There is no reason – at least not in principle – why a polity couldn’t assign certain duties to some of its members but not others. For example, men, but not women, are subject to the draft. Nor, therefore, is there any reason why it couldn’t do likewise vis a vis certain rights. We could decide – in fact in the past we have – that men, but not women, are entitled to vote. And so on. Moreover we might decide – in fact we have – to place constitutional constraints on these differential assignments of rights and duties. But the right to control one’s own body, be it for reproductive purposes or for the exchange of pleasure, has never been among these constitutional protections.

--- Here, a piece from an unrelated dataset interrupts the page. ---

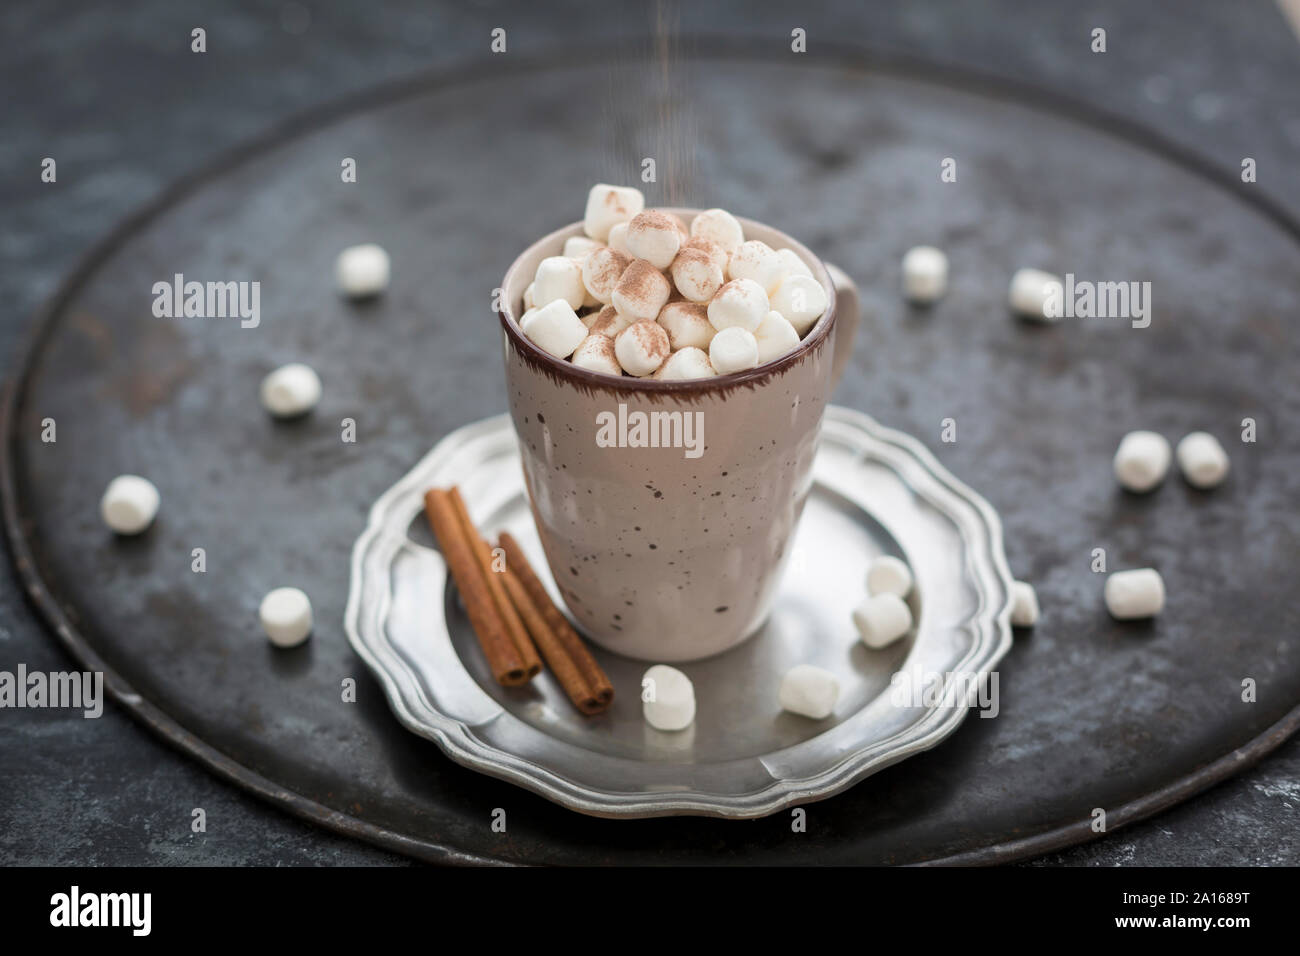 https://c8.alamy.com/compde/2a1689t/prise-kakaopulver-auf-tasse-heisse-schokolade-mit-marshmallows-2a1689t.jpg

More particularly, even the negative right to an abortion – i.e. freedom from state interference – or to have sexual relations with the partner of one’s choice, is not protected by the American Constitution. Nor could it be. These couldn’t be constitutionally protected because if a plague rendered all but a half dozen women in the world infertile, we’d have to expropriate their wombs for public use. And if homosexuality or pedophilia were so repugnant to public morality “we [could] suffer no homosexual or pedophile to live” – as was once the case vis a vis Papists – criminalisation might be the only way to keep us from killing each other.
In short, all rights and duties supervene on the material and ideological conditions that give rise to and/or countenance them. So only at our peril should those of us who are pro-Choice appeal to rights-talk — or, for that matter, who might be anti-Choice at least with respect to, say, intercourse with an infant. Better, I submit, to appeal to what constraints reasonable people, given their concern for their own liberties, should be willing to impose on others.
In my own view – but it’s only my own view – in North America in 2022, any enforceable constraint on the reproductive and conjugal behaviour of others is bound to be intolerably invasive. But as already noted, that’s not a constitutional claim. It’s a claim about the conditions of political civility. As such SCOTUS did right to overturn Roe. Reproductive freedom – and wait for it: conjugal freedom is bound to be next – should be decided not by SCOTUS but rather codified by Congress in law.
Too quick. The problem in America – not so, thankfully, in Canada – is that it’s constitutionally questionable whether Congress, i.e. the federal government, can override a state legislature on these and similar matters. In what Americans conceive as “their more perfect union,” matters of morality vary from state to state, and so the state should remain the jurisdictional repository thereof.
Again too quick. A constitutional union, by contrast, is meant to protect its citizens from precisely just such local vagaries. It took a constitutional amendment to get rid of the enslavement of black bodies in those states that countenanced it. So maybe it should be a constitutional amendment to trump the stupidity of those Republican ‘red’ states intent on enslaving women’s wombs.
Unfortunately there are too many such red states for such an amendment to be ratified. So what I’d like to see – though I know I won’t – is the fathers and brothers and partners of these women to man up and start shooting any agent of the state who’d presume to enforce this re-enslavement of these wombs. After all, respect of the law is one thing. Respect for these kinds of laws – not unlike the gendarme in occupied France – is just complicity.